Frequently Asked Questions
This is a static FAQ page that helps you get started. For a community driven dynamic Q & A forum, proceed to ask.skytree.net and ask/answer a question!
What is Skytree Express?
- Skytree Express is an express way to use Skytree’s machine learning software. It is available for use via a Virtual Machine (VM) for Windows, MAC OS X, and through an easy install script on RHEL/CentOS systems.
- Currently, Skytree Express comes in two versions (i) Skytree GUI & Python SDK and (ii) Skytree Command Line Interface (CLI).
- Skytree Express can be downloaded free of cost. It comes with a preconfigured license that is valid for one year.
Where can I download Skytree Express?
- Virtual Machine (VM) for Mac, Windows and Linux (that runs on VirtualBox 5.0) that enables Skytree’s GUI and Python SDK can be downloaded here. This VM version is close to Skytree’s full featured Enterprise version which makes it over 4 GB in size.
- The CLI version can be downloaded here. This is a lightweight version of Skytree’s enterprise offering that can be directly installed on CentOS/ RHEL systems through an easy install script.
What do I do after downloading Skytree Express? Please follow the Read Me for respective downloads:
How can I run Machine Learning after I have downloaded and installed Skytree?
A sample script can help you get started with the CLI! For the VM with GUI and Python SDK, simply browse to localhost:10000 to get the list of ipython notebooks to get you started.
How can I access the VM’s command line?
VM’s (GUI and Python SDK) command line can be accessed via ssh using: ssh -p 2222 skytree@localhost. The password is skytree.
Where can I find the datasets that the sample script/ ipython notebook refers to?
The datasets are available under the datasets directory that comes with the Skytree Express download.

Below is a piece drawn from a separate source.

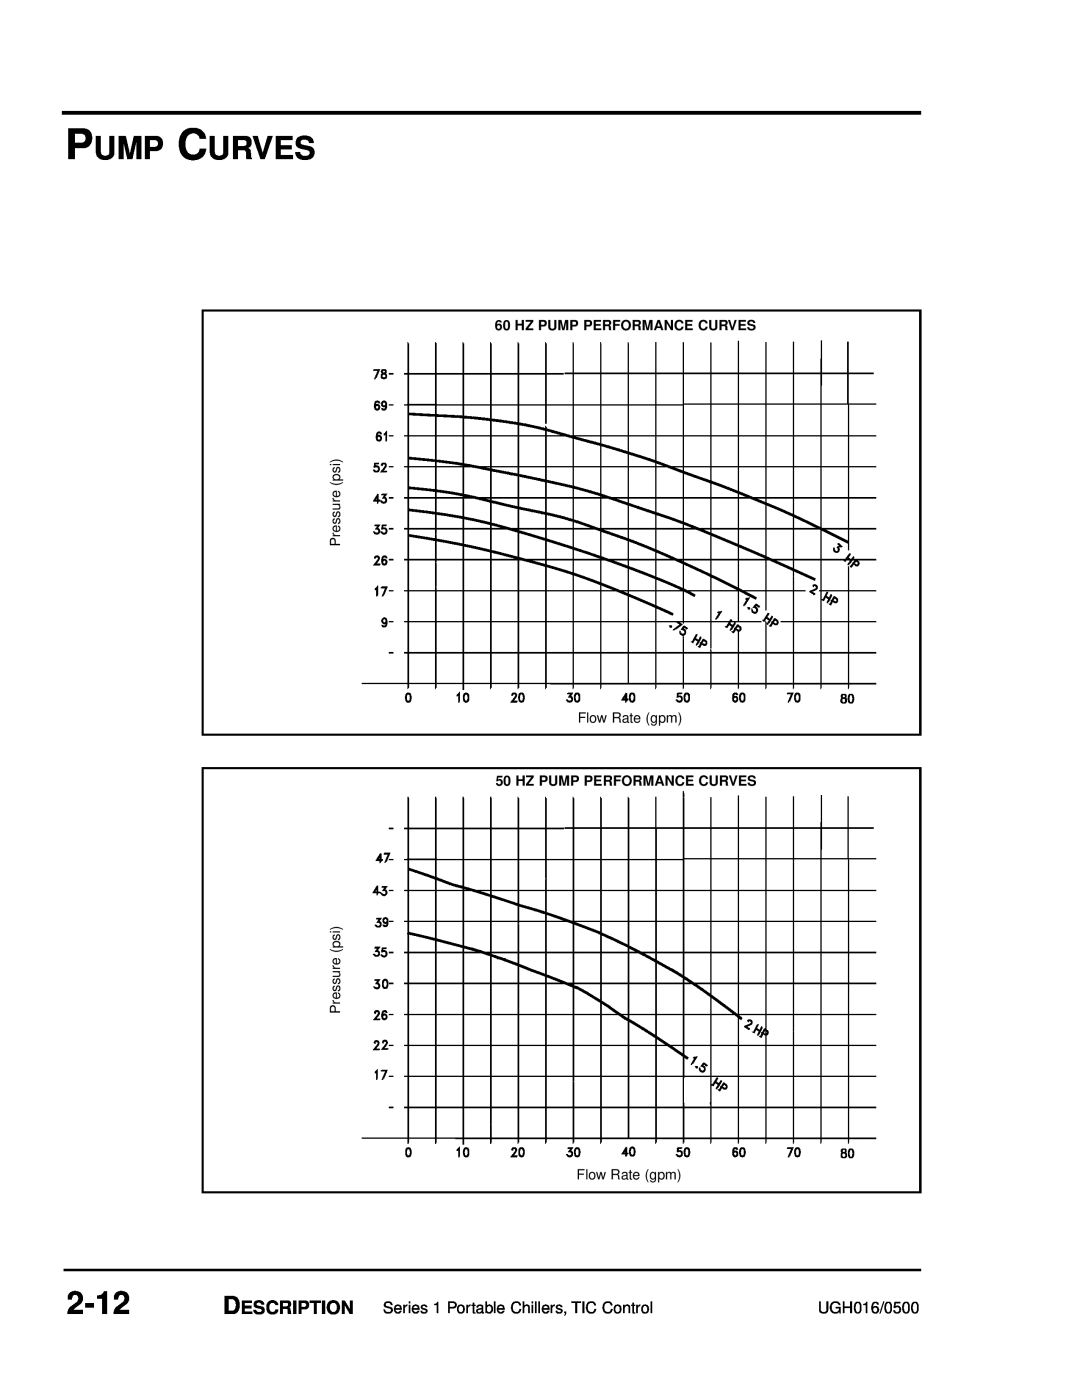 Conair UGH016/0500 manual Pump Curves, 2-12, Hz Pump Performance Curves

On the virtual machine, do I need to change any of the settings? What about for large datasets close to the 100-million element limit?
For small datasets, the default VM settings should work well. For large datasets, you may need to increase the resources available to the VM. The limiting size depends upon the available resources on your machine. Note that we recommend at least 6 GB RAM and 2 virtual cores dedicated to the VM that comes with Skytree’s GUI and Python SDK.
Are there any restrictions (for example, educational, personal, commercial etc.)?
Skytree Express is available for personal, educational, and even commercial usage! The free version restricts usage up to 100 million elements on a single machine/node.
What methods of support are available to Skytree users?
Please join Skytree’s User Community. Community support will be provided through this forum. For FAQ concerning the Command Line Interface that is enabled with Skytree Express, see below.
How can I cite Skytree in my work?
If you find Skytree useful in your work, a citation is always appreciated. See examples here.
Command Line Interface
How can I get started with using Skytree through the Command Line Interface (CLI)?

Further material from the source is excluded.